Family life is patriarchal; married sons live in their father’s house, and are governed by him, unless he is in his dotage. If any family grows too large, the surplus children are moved into another family. If a town grows too large, some of the inhabitants are moved into another town. If all the towns are too large, a new town is built on waste land. Nothing is said as to what is to be done when all the waste land is used up. All killing of beasts for food is done by bondmen, lest free citizens should learn cruelty. There are hospitals for the sick, which are so excellent that people who are ill prefer them. Eating at home is permitted, but most people eat in common halls. Here the “vile service” is done by bondmen, but the cooking is done by women and the waiting by the older children. Men sic at one bench, women at another; nursing mothers, with children under five, are in a separate parlour. All women nurse their own children.

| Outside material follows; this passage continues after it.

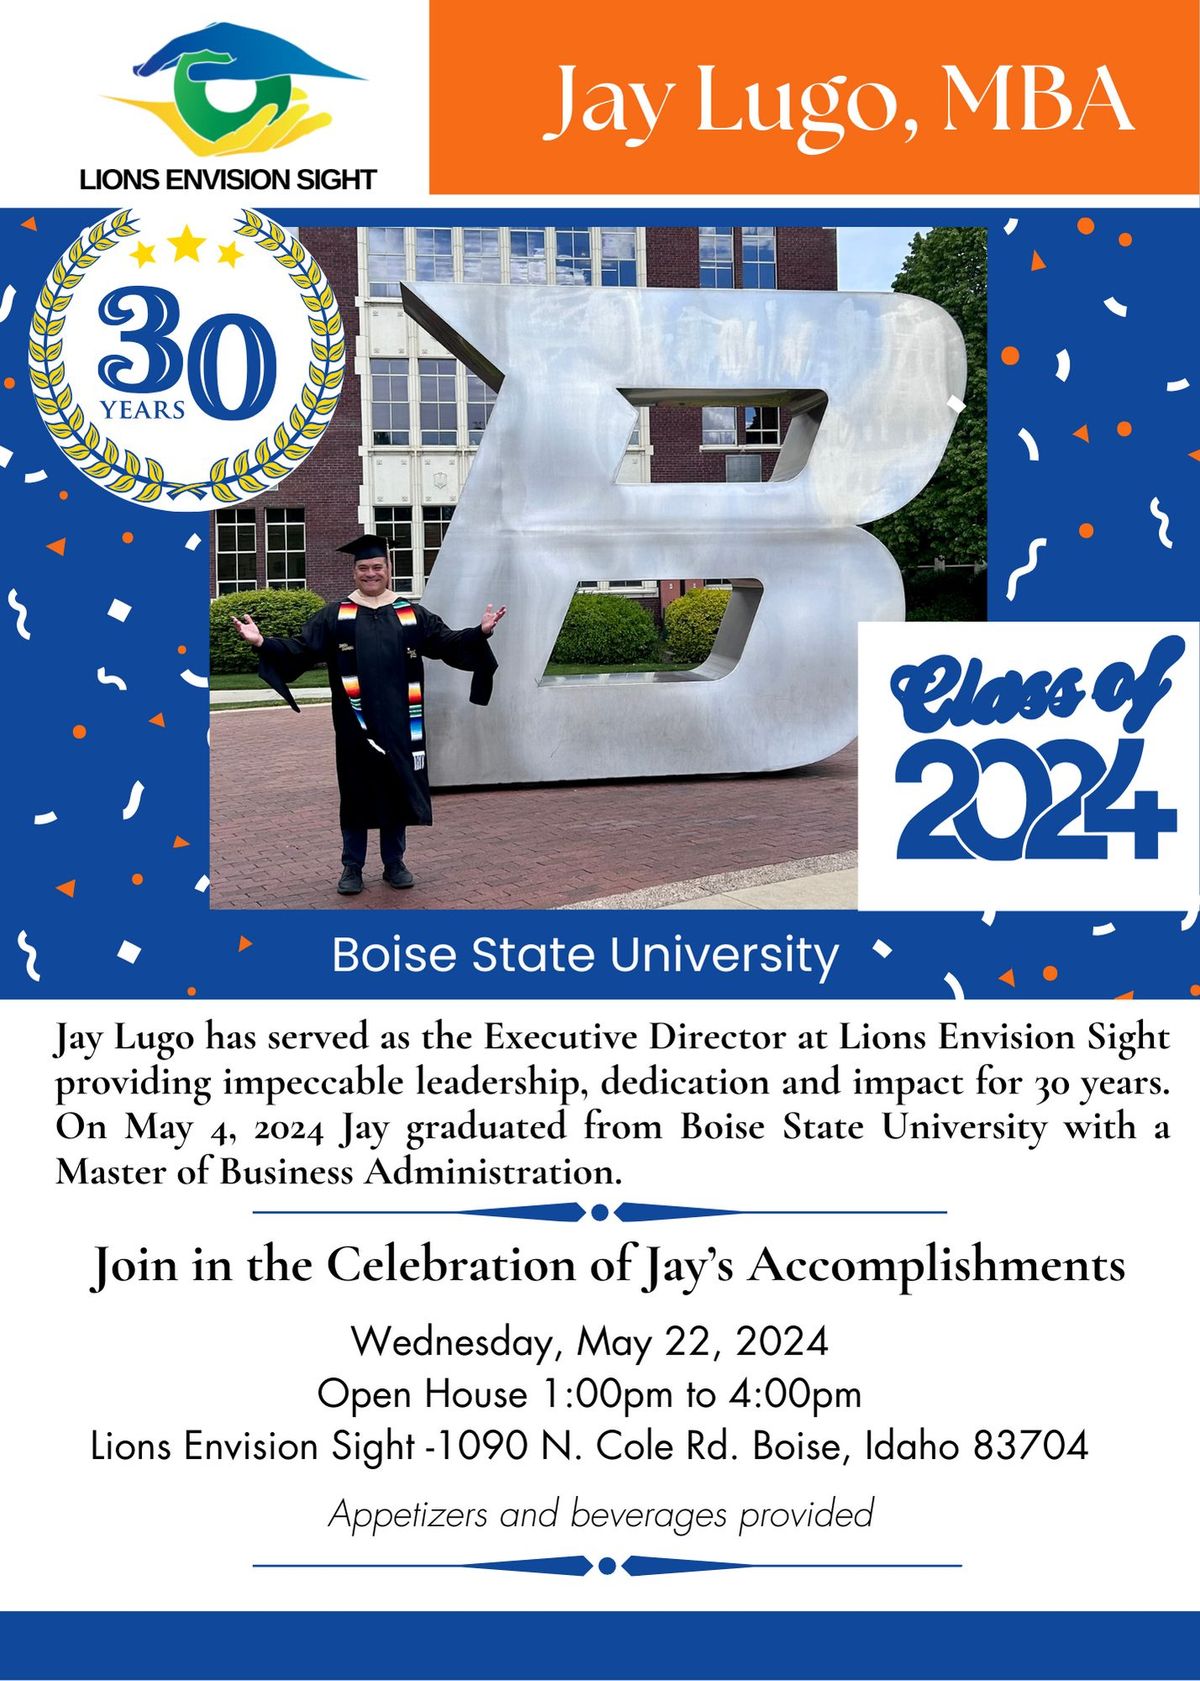 Jay Lugo's 30 Year Anniversary & MBA graduation

Children over five, if too young to be waiters, “stand by with marvellous silence,” while their elders eat; they have no separate dinner, but must be content with such scraps as are given them from the table.

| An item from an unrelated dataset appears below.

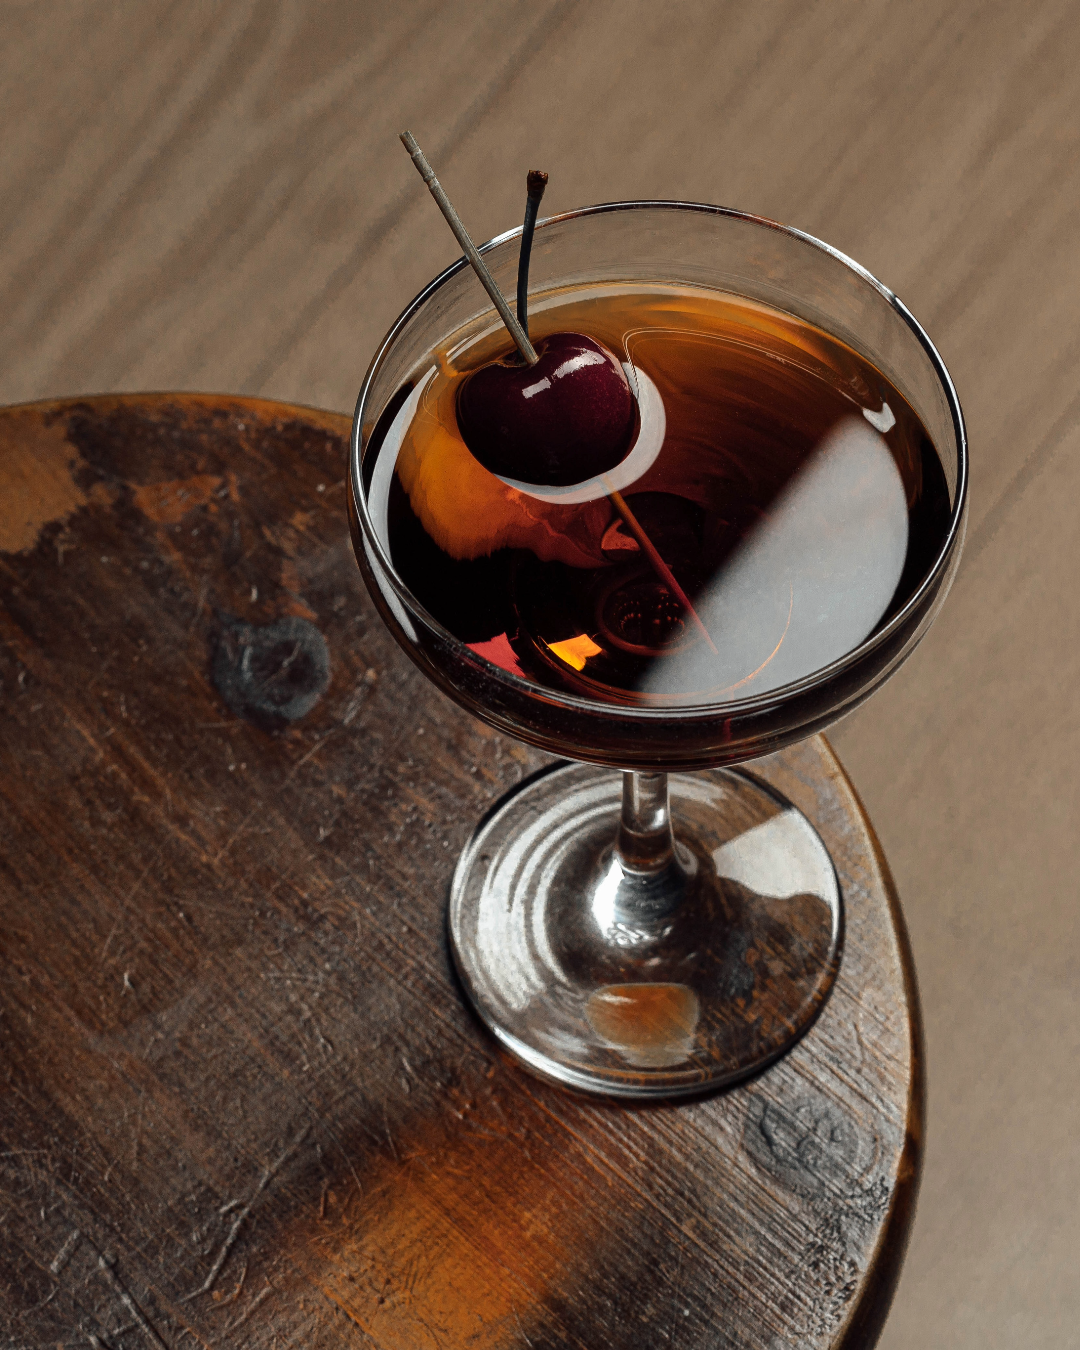 Black Manhattan Cocktail garnished with a cherry on a dark wooden surface

As for marriage, both men and women are sharply punished if not virgin when they marry; and the householder of any house in which misconduct has occurred is liable to incur infamy for carelessness. Before marriage, bride and groom see each other naked; no one would buy a horse without first taking off the saddle and bridle, and similar considerations should apply in marriage. There is divorce for adultery or “intolerable waywardness” of either party, but the guilty party cannot remarry. Sometimes divorce is granted solely because both parties desire it. Breakers of wedlock are punished by bondage.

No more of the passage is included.